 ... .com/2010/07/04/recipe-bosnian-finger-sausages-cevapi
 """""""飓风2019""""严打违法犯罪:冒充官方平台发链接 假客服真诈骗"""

○ ○ ○ ○

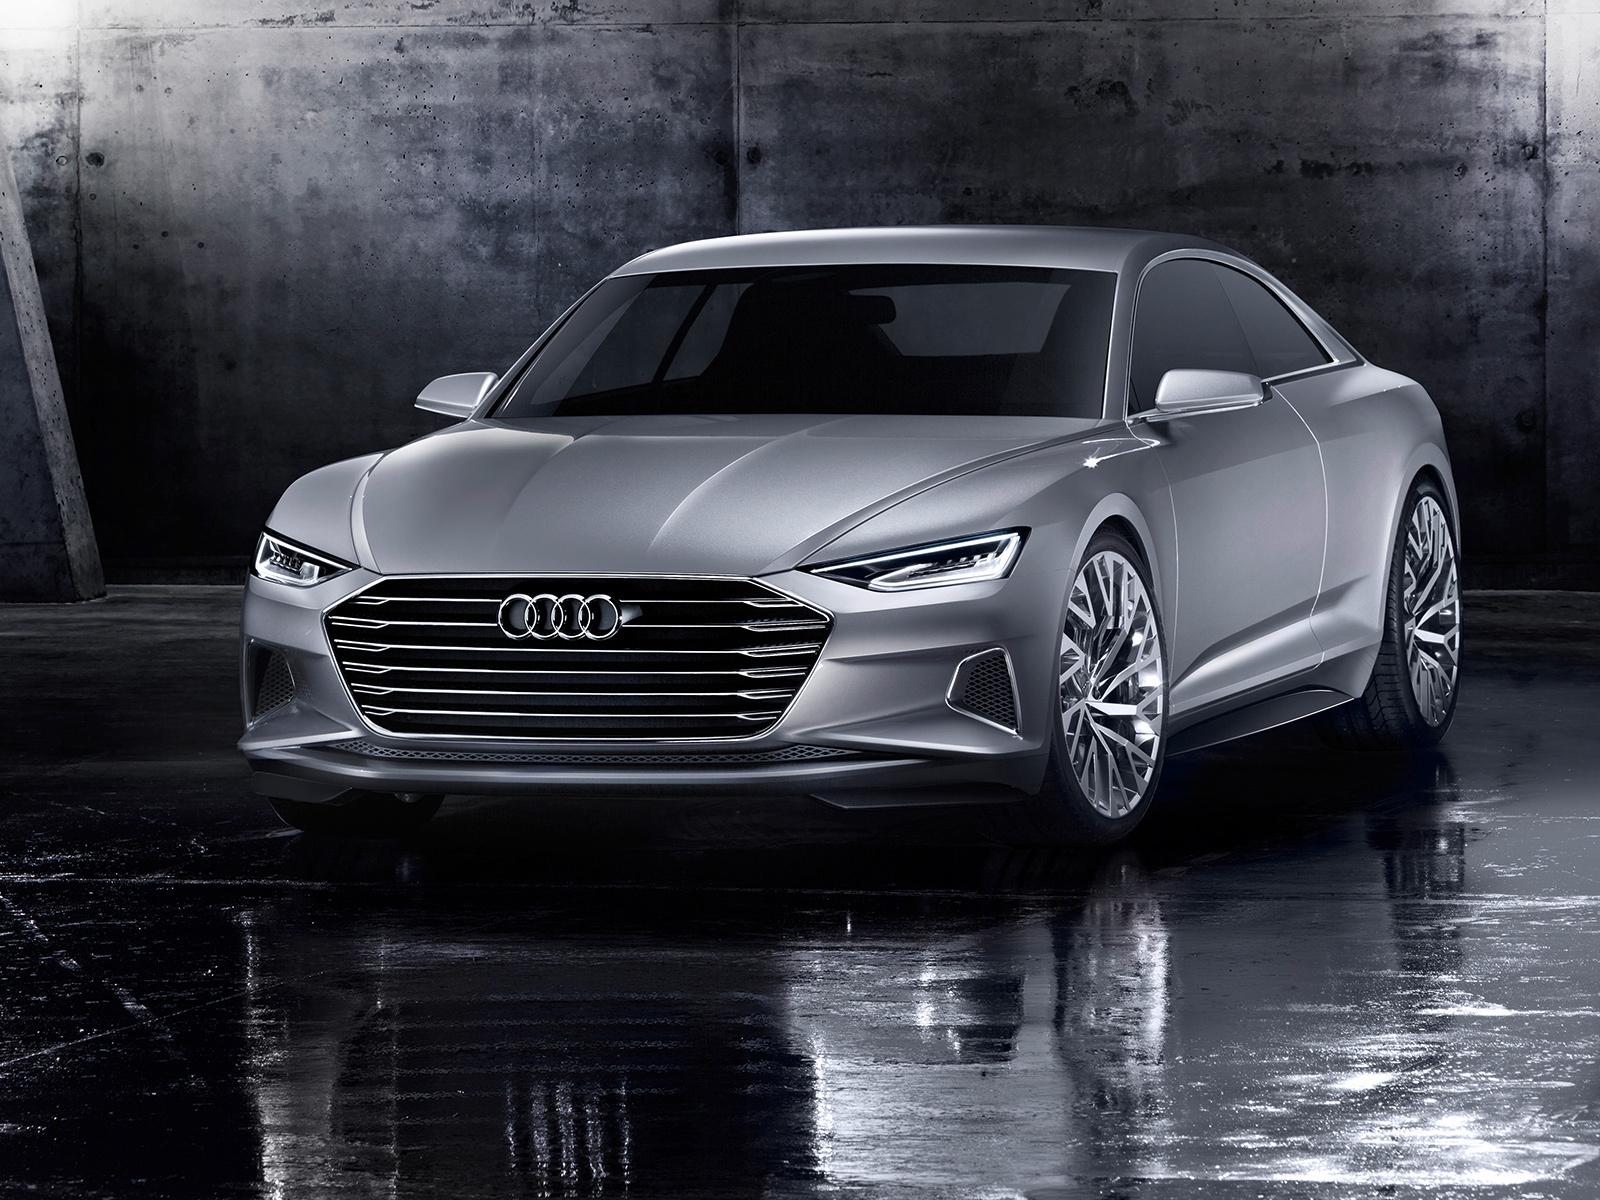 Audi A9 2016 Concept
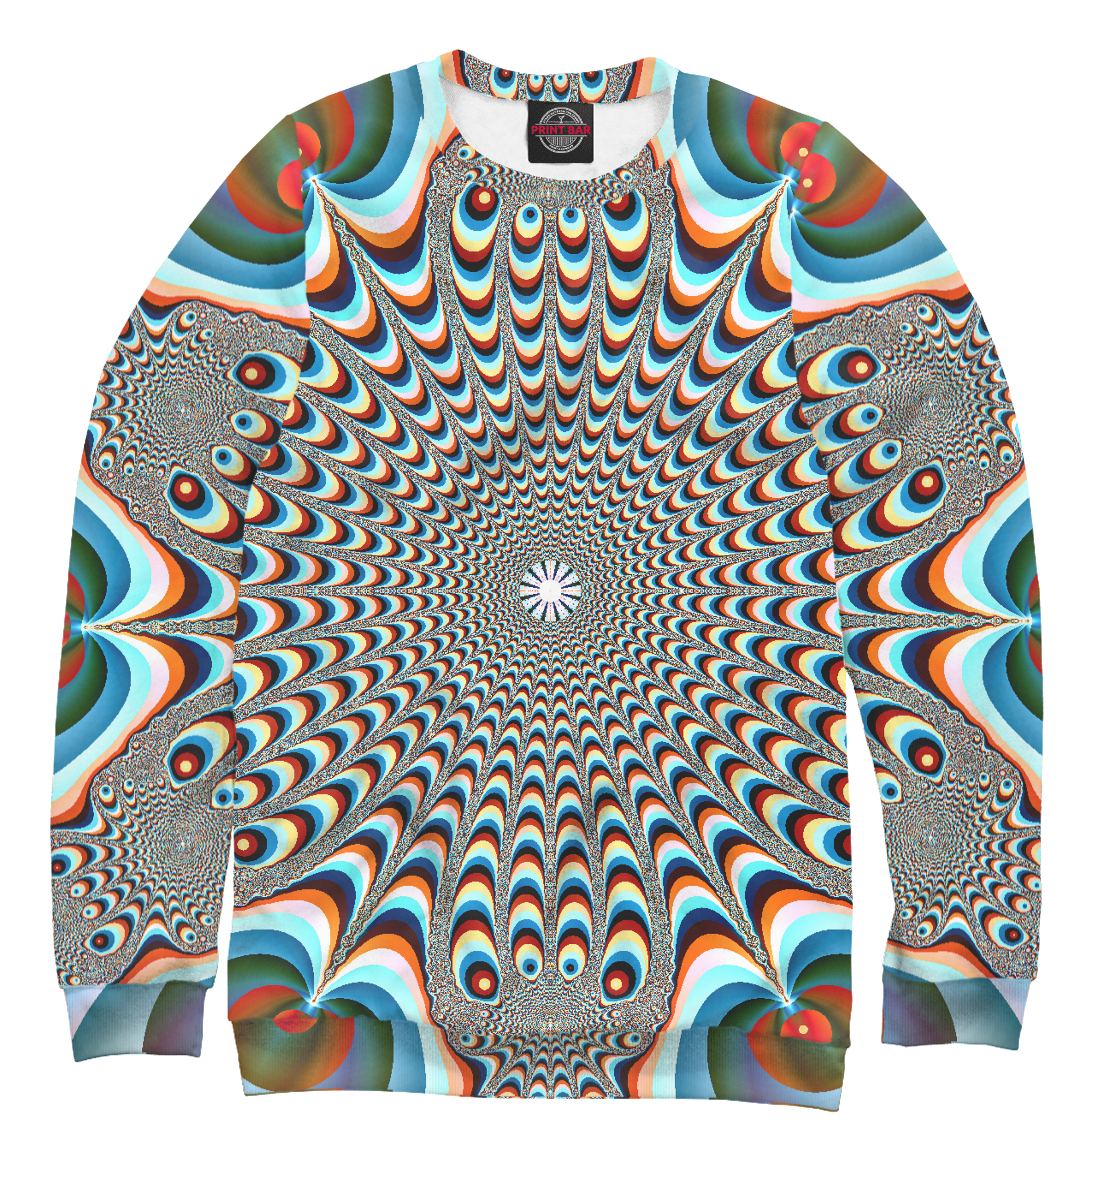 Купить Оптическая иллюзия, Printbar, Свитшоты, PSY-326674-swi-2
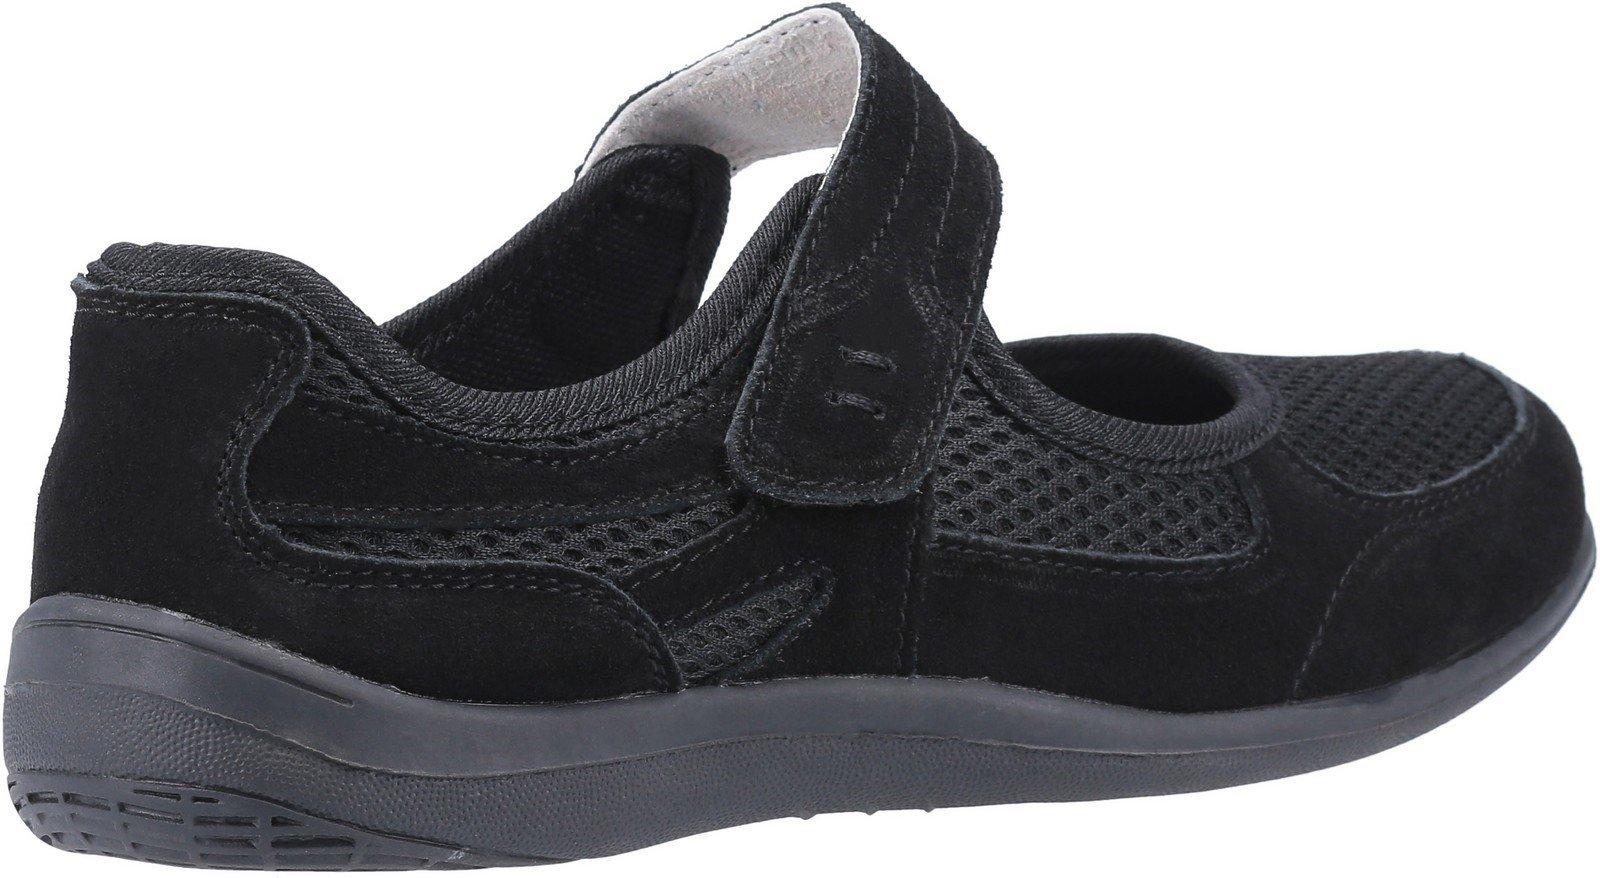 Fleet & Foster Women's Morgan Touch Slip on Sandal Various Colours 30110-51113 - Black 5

○ ○ ○ ○

Return, exactly as they stand, the lines above from the one with "Купить Оптическая иллюзия, Printbar, Свитшоты, PSY-326674-swi-2" to the one with "Fleet & Foster", omitting any pictures among them.

▶ [Solution for this problem]:
 Купить Оптическая иллюзия, Printbar, Свитшоты, PSY-326674-swi-2
 Fleet & Foster Women's Morgan Touch Slip on Sandal Various Colours 30110-51113 - Black 5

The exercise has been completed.